* _Aim of the exercise_: Line by line, return the listing exactly, without any of the images.

*** Source material ***

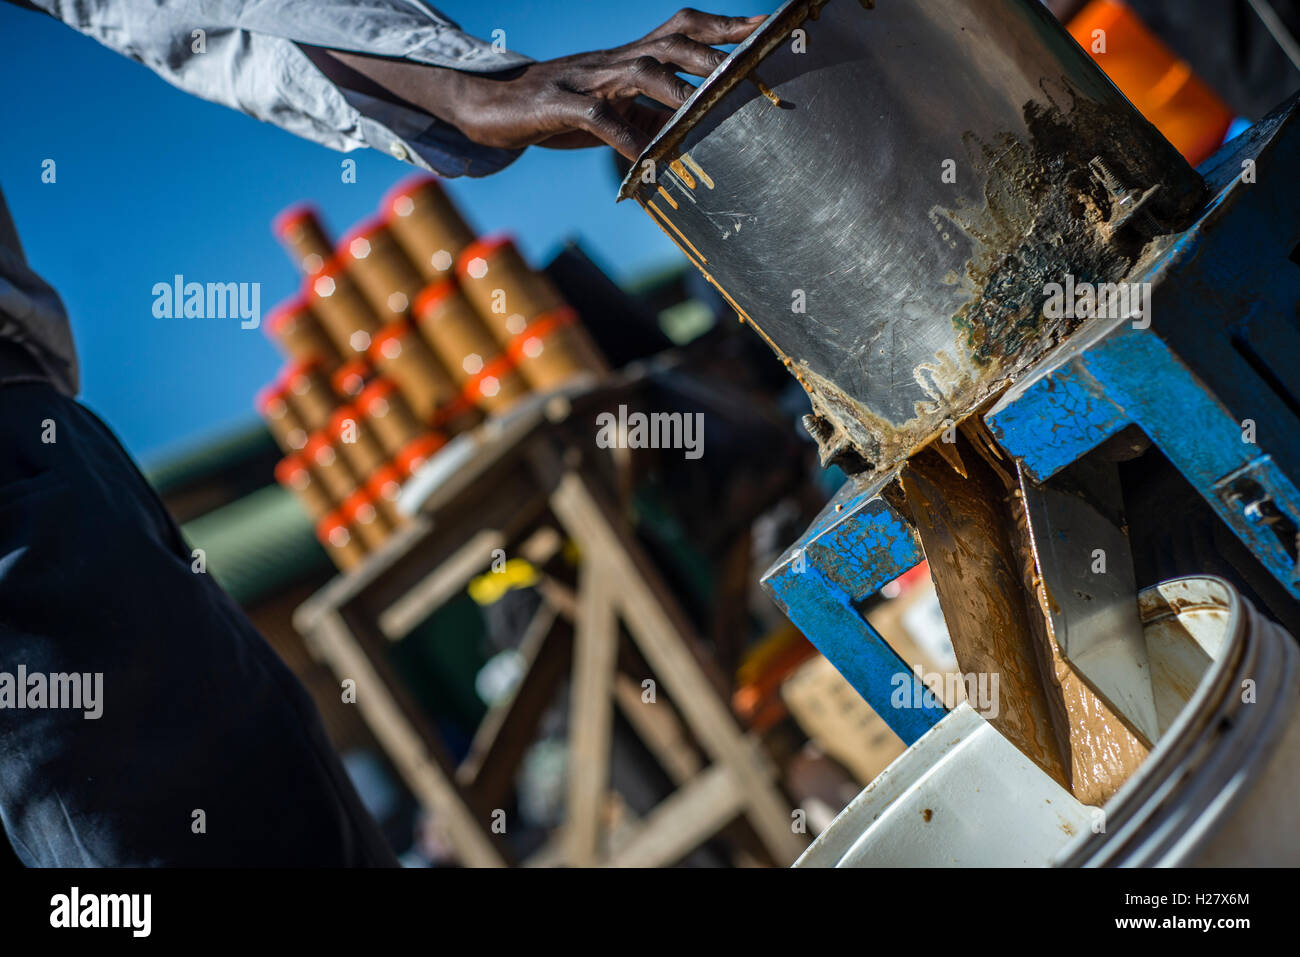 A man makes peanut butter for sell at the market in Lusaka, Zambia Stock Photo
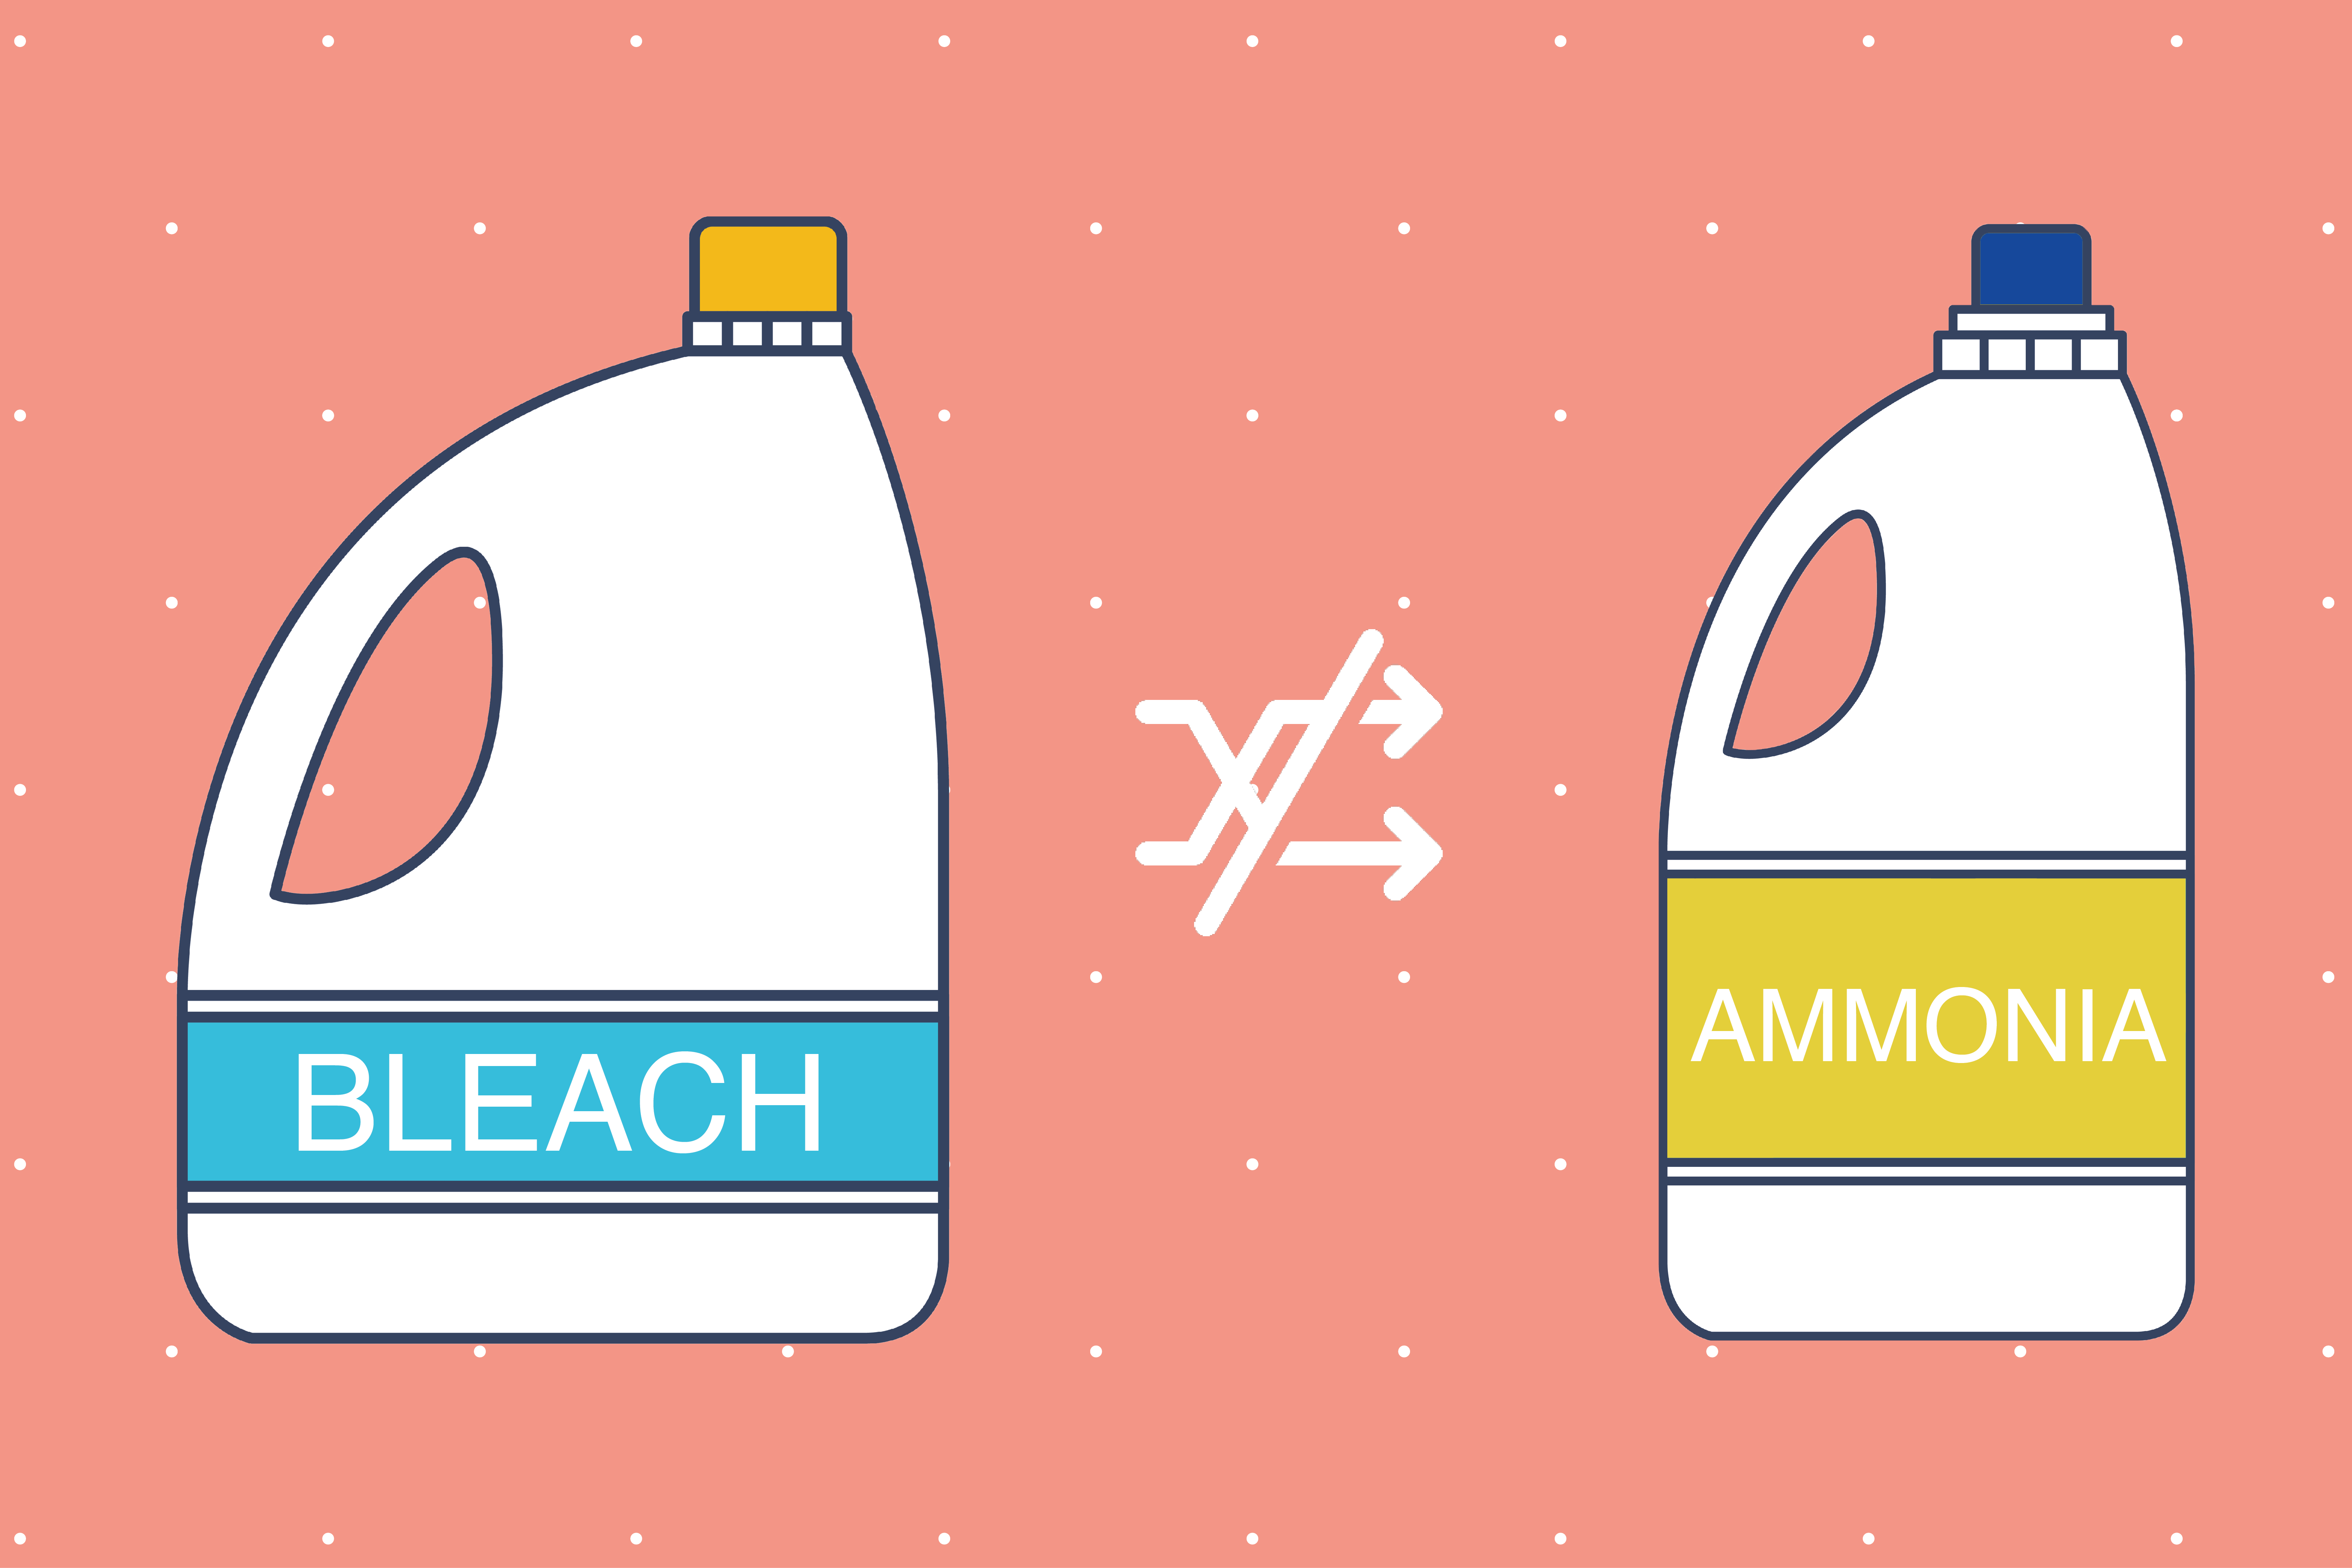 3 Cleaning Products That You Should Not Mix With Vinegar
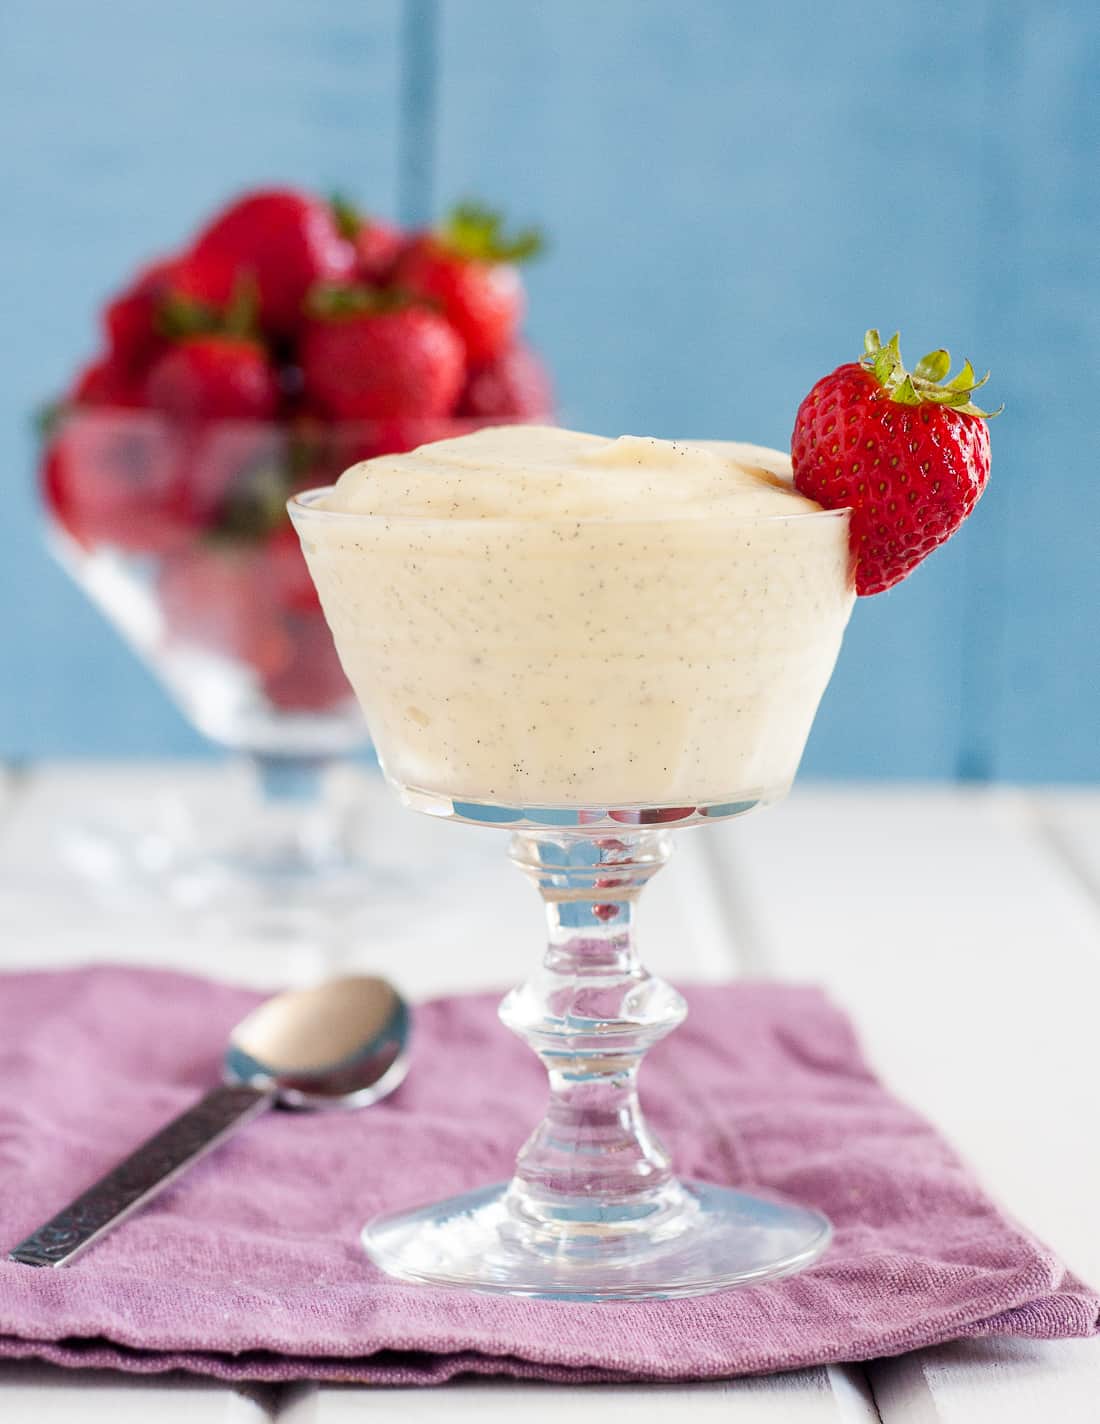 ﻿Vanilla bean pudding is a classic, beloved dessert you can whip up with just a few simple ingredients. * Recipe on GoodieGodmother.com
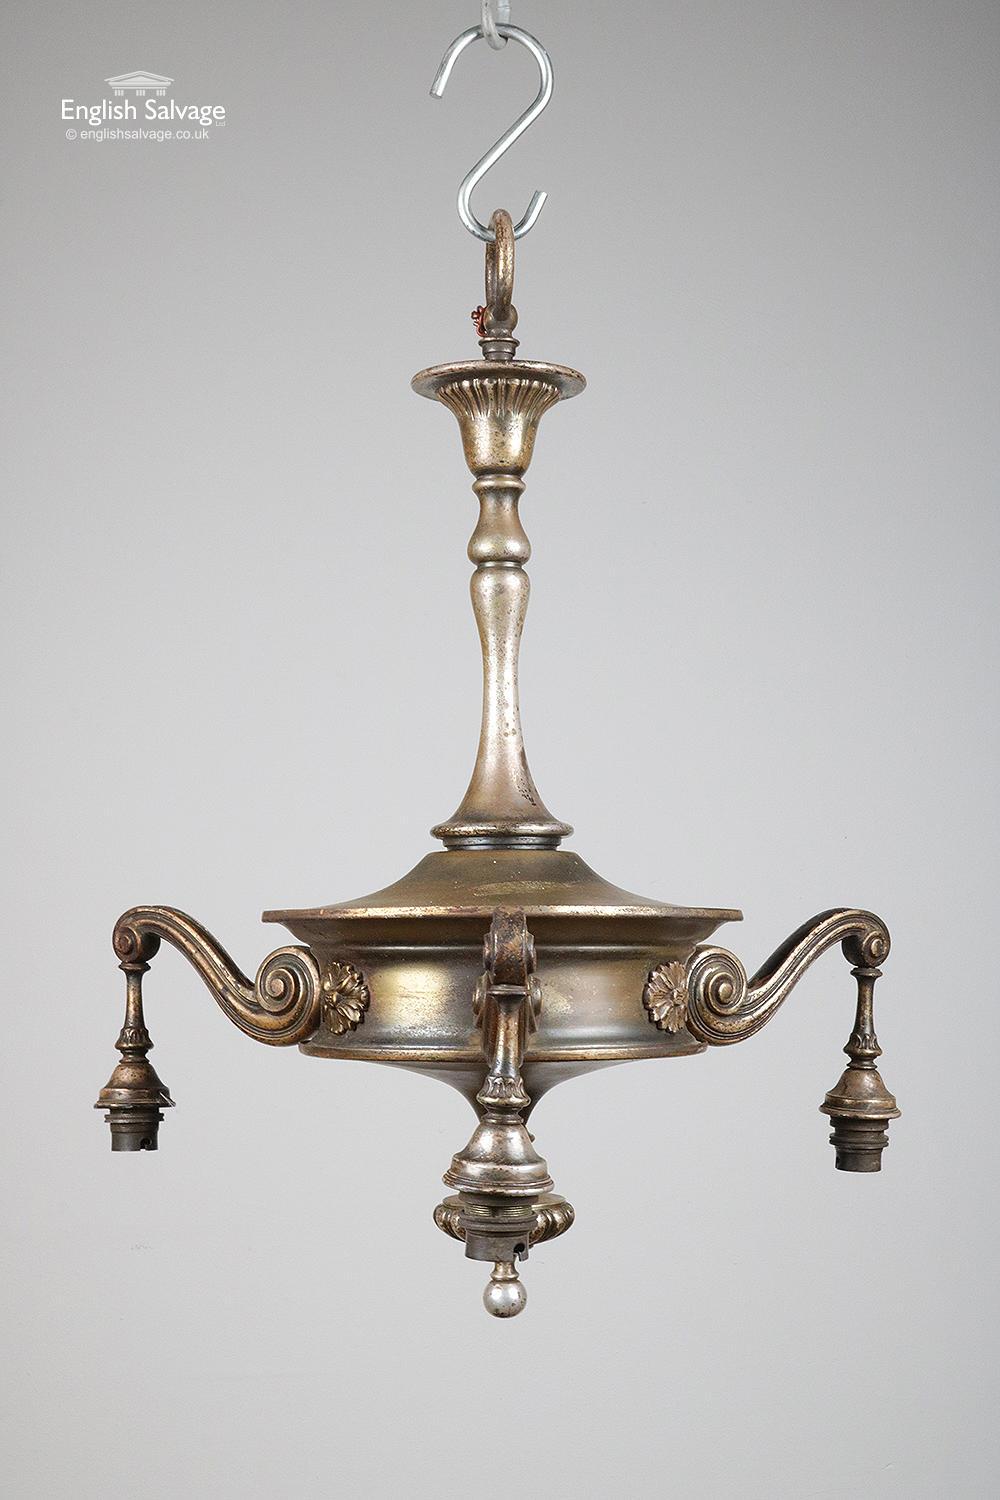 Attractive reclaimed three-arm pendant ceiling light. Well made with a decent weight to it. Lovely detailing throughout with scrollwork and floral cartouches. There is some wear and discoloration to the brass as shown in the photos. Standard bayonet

*** End of Source material ***

* _Output of the task_:
 A man makes peanut butter for sell at the market in Lusaka, Zambia Stock Photo
 3 Cleaning Products That You Should Not Mix With Vinegar
 ﻿Vanilla bean pudding is a classic, beloved dessert you can whip up with just a few simple ingredients. * Recipe on GoodieGodmother.com
 Attractive reclaimed three-arm pendant ceiling light. Well made with a decent weight to it. Lovely detailing throughout with scrollwork and floral cartouches. There is some wear and discoloration to the brass as shown in the photos. Standard bayonet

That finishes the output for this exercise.